Esas noches preñadas de delicias,
También del hombre el corazón combaten,
Y en lugar de la calma del deliquio
La exaltación del vértigo le traen.
Germina en esas noches la funesta
Fiebre del corazón, mal incurable
Que con lenta y mortal melancolía
Roe en silencio su existencia frágil.
Fiebre que, los sentidos disponiendo
Y el corazón a los deleites, hace
Que se harten y no gocen los sentidos
Y el corazón se hastíe y no se sacie.
Fiebre de los quiméricos amores,
Fiebre de los instintos criminales,
Que inspira a los fogosos corazones
Grandes empresas y delitos grandes.
Fiebre que les hechiza y enamora
Con lo maravilloso y lo admirable,
Y van tras lo fantástico, y anhelan
Lo imposible tal vez de realizarse.
Noches en que los santos, los fanáticos,
Los poetas, los héroes, los amantes,
La gran resolución acometieron
Que a fin condujo sus ardientes planes.
En la mitad de noche tan poética,
Mientras que todo en el reposo yace
Del majestuoso río de Sevilla
Por la extensión de las floridas márgenes,
Una ligera lancha, que atracaba
Por bajo de San Telmo, en los rosales
Silvestres que las orlan encontrando
Cómodo abrigo u escondite fácil,
Apareció impulsada por dos remos
Que mueven con vigor dos brazos ágiles,
Y comenzó, a pesar de la marea,
Por el Guadalquivir a remontarse.
Si el que emprende esta lancha a tales horas
Es misterioso y necesario viaje,
O caprichoso y plácido paseo,
Los que la montan nada más lo saben.
Dos hombres son: aquel que la conduce
Es un robusto remador que la hace
Volar sobre las aguas, y que muestra
Su profesión en su destreza y traje:
Es el otro un incógnito embozado,
De quien no dejan ver faz ni talante
Los revueltos dobleces de la capa
En que pretende acaso recatarles.
Brilla a su lado el cincelado pomo
De un toledano acero, que del talle
O por comodidad se ha desceñido,
O por no ser empresa en que ha de usarle
A la que vá: en el banco se percibe
Un veneciano bandolín, de mástil
Largo, de caja oval y dobles cuerdas,
Que remedan del arpa el son süave.
De estos dos instrumentos a la vista,
No puede en realidad adivinarse
Quién sea el embozado a quien acusan
Por familiar de tan distintas artes;
Aunque, en verdad, en el país y el tiempo
En que pasa la acción de mi romance,
Para el nocturno bandolín la espada
Fue siempre compañera indispensable.
Quien quier que fuese, empero, ni el embozo
Del rostro aparta, ni los labios abre,
Y río arriba conducir se deja
Por quien sin duda conducirle sabe.
Ambos así callados, como sombras
Bogando continúan: y alejándose
De la Torre del Oro, cruzan rápidos
De los desiertos muelles por delante.
Llega hasta sus oídos en las auras
El apagado son de los cantares,
Que desvelada la oriental Sevilla
Alegre entona en sus morunas calles.
Tal vez al son de sus lejanos ecos
Con perdido piar responde el ave,
Que el eco extraña, que su sueño turba,
Mas que viene pacífico a halagársele:
Y acaso al ruido de los anchos remos
En árbol más lejano va a posarse,
Ante la aparición amedrentada
De la fugaz y misteriosa nave.
Esta entretanto silenciosa sigue
Por la corriente turbia, remontándose
Hasta donde las huertas y edificios
Al agua obligan a estrechar su cauce.
Aquí del río abandonando el centro
Que ilumina la luna, y amparándose
Del ceñidor opaco que en las ondas
Proyectan los umbríos arrabales,
En la orilla tocó: saltó el barquero
En tierra: el embozado dijo: “Aguárdame.”

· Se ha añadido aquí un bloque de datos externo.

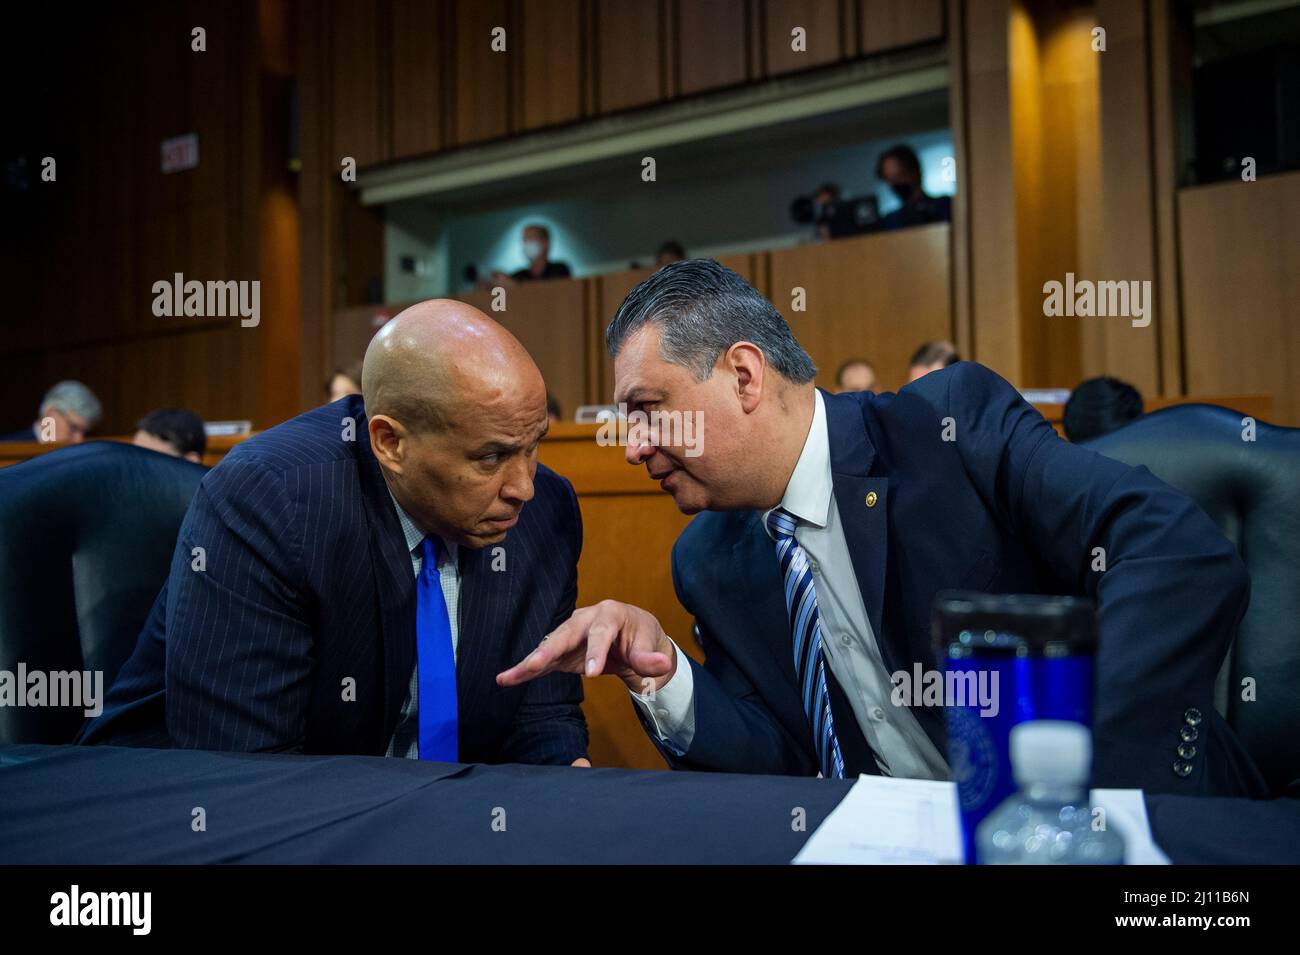 United States Senator Cory Booker (Democrat of New Jersey), left, confers with United States Senator Alex Padilla (Democrat of California) as Judge Ketanji Brown Jackson appears for the first day of her Senate nomination hearings to be an Associate Justice of the Supreme Court of the United States, in the Hart Senate Office Building in Washington, DC, Monday, March 21, 2022. Credit: Rod Lamkey/CNP /MediaPunch Stock Photo

Y arrojando la capa y a los remos
Mano echando a su vez, siguió alejándose,
Solo ya, conservando cuidadoso
La sombra de las casas y los árboles,
Pasó como un relámpago ante el barrio
Do Triana rasando en los pilares
De su macizo muro: cruzó el puente:
Y a favor de las sombras tutelares
Detuvo su fantástica carrera
De una ventana al pié que al río cae.
Una ventana arábiga que entolda
Con su verde y balsámico ramaje
Un pié de capuchinas, que en un tiesto
Asegurado por defuera nace.
Un ajimez morisco, cuyos arcos
Cierran con sus calados orientales
Las hojas de una espesa celosía,
Del interior recóndito guardianes.
Única, solitaria, esta ventana
Del pardo muro en la extensión se abre,
Libre de observadores indiscretos,
Libre de vecindad desagradable.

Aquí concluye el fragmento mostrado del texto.